Ten years ago, Bushells South West area lettings manager Lara Coppo saw many students registering for accommodation but believes most are now priced out of the market and have been replaced by graduates: "We get some at the top end whose Mummy and Daddy are paying for them, but most can't afford rents of £120 a week to live within half an hour of the river. Below that, you're looking at ex-council accommodation at the lower end of the market."

Josef Church found himself trawling the lower end of the market for the three years he studied at the University of Westminster. In 1997 he searched for a large house for himself and five other students and "jumped at the chance" of a six-bedroom property in Turnpike Lane, north London, for which they each paid £57 per week. On moving in, he found the house less than ideal: "The insulation was useless. There were gaps under my window ledge and it was icy cold."

The students found themselves sharing with unwanted tenants: "It had mice, cockroaches and even slugs by the time we moved out." The "dodgy" landlord was unwilling to undertake improvements and the house's garden was overgrown and unusable. On moving out they found their deposit deducted for "missing" items such as curtains.

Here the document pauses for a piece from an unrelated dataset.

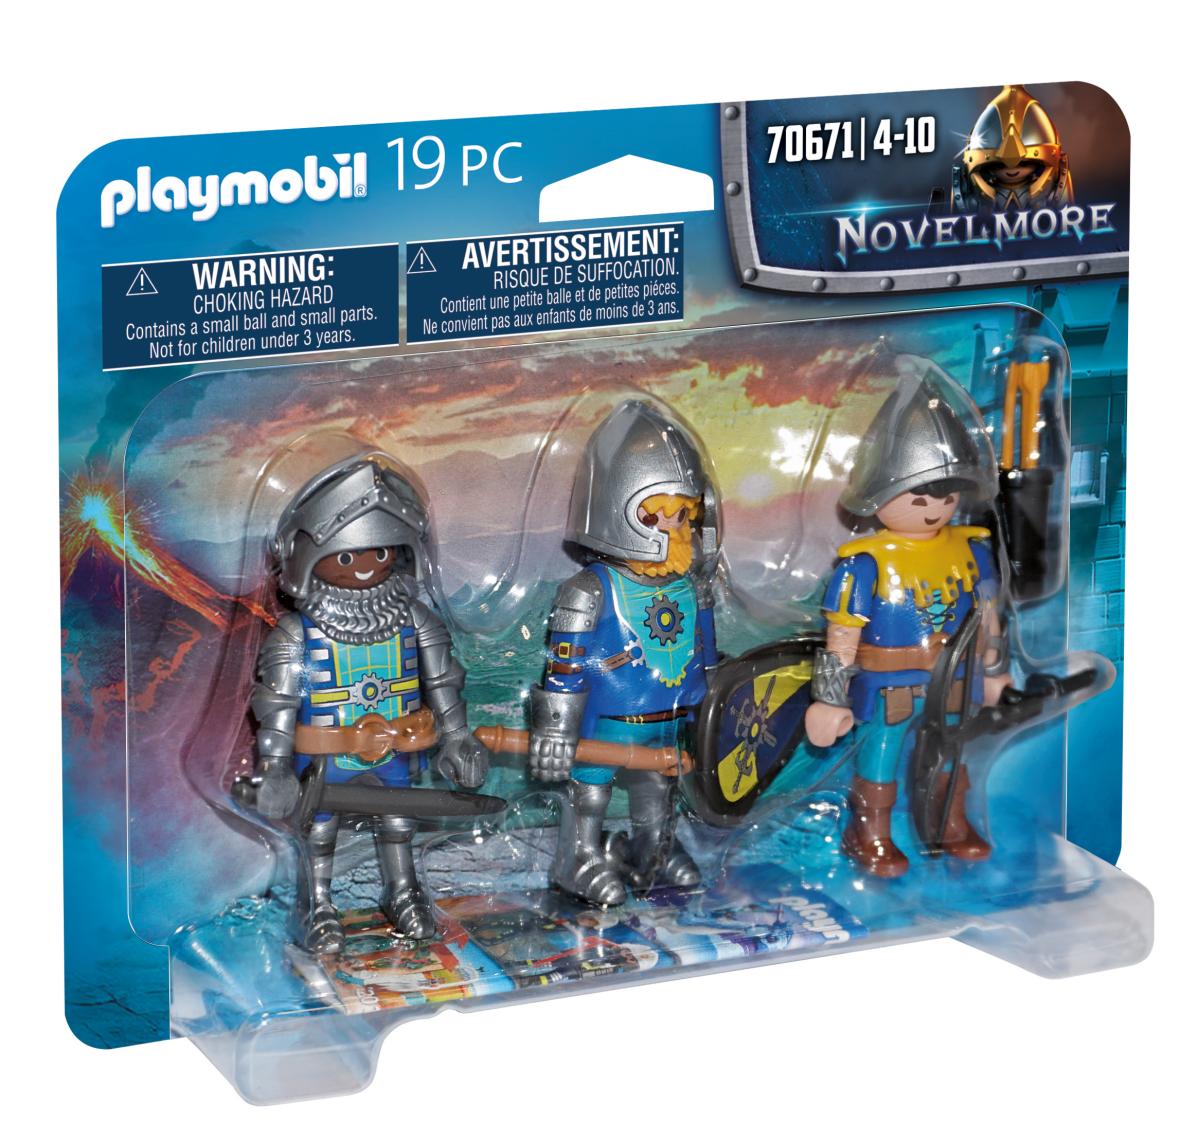 Cavalieri di novelmore - Playmobil

Mr Church rented other flats during his time in London and kept rents low by using living rooms as bedrooms, producing a weekly rent of £65 for his last shared tenancy in Finsbury Park. This year he moved to Edinburgh for a postgraduate degree in periodical journalism at the University of Napier and has found a two-bedroom flat near to the Royal Mile which he rents with a friend for £575 monthly: "It's much better quality, very central and a lot nicer than the flats in London - and there are no 'pets'."